The elevations are particularly telling. From the south, the traditional gabled silhouette reads clearly against the hillside, with the subterranean extension registering only as a horizontal line beneath a mature tree. From the east, the three-story stone mass with its dormer windows and exposed roof trusses asserts its historical identity, while the adjacent new volume remains subordinate. The architects have drawn the project as a composite organism, not a collision.
Why This Project Matters
The Ausserrothhof Extension matters because it demonstrates that the concept of genius loci need not be a vague romantic appeal. Here, it is a concrete design method. The lime aggregate in the bush-hammered concrete, the larch sourced from local forests, the green roof that returns the meadow to the slope, the glass joint that refuses to fuse old and new into a single identity: every decision traces back to a specific reading of place. The New Komma has produced a building that could only exist on this particular hillside, attached to this particular farmhouse, surrounded by these particular vines.

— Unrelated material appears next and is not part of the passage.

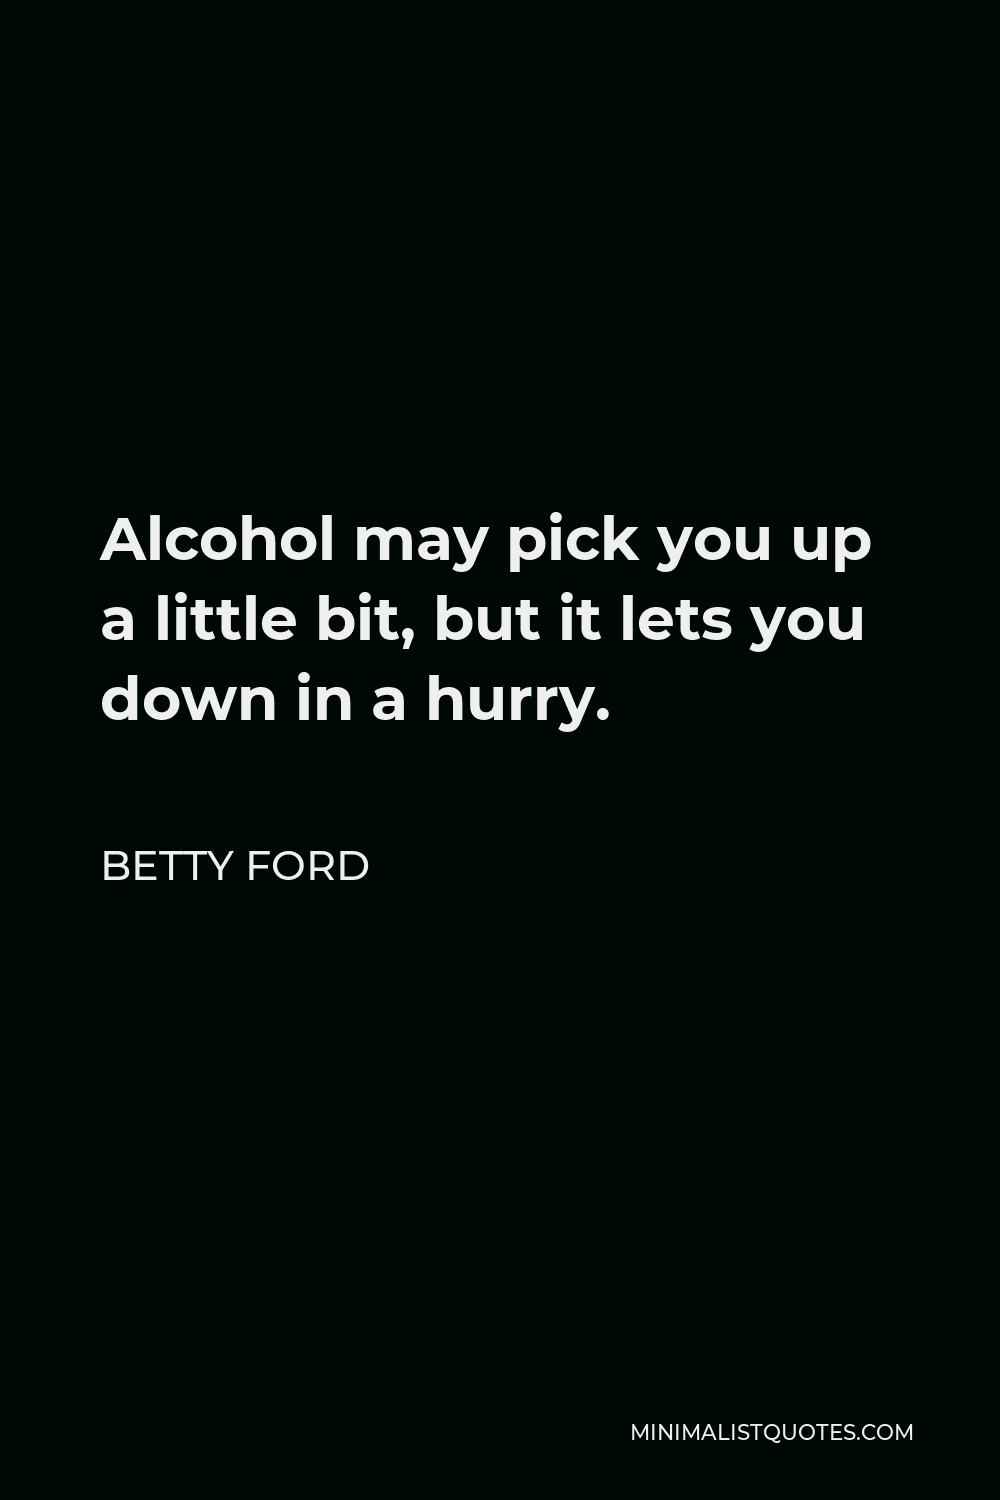 Betty Ford Quote - Alcohol may pick you up a little bit, but it lets you down in a hurry.

In a region where tourism increasingly pressures historic structures toward boutique hotel conversions and heritage theme parks, the Ausserrothhof offers an alternative trajectory. It proves that a listed building can absorb a significant contemporary addition without losing its character, and that new architecture gains authority not by shouting but by listening. The farmhouse remains the farmhouse. The extension is plainly, unapologetically new. And the vineyard, indifferent to both, keeps making wine.
Ausserrothhof Extension by The New Komma, Schenna, Italy, completed 2024. Photography by Lucas Clemens.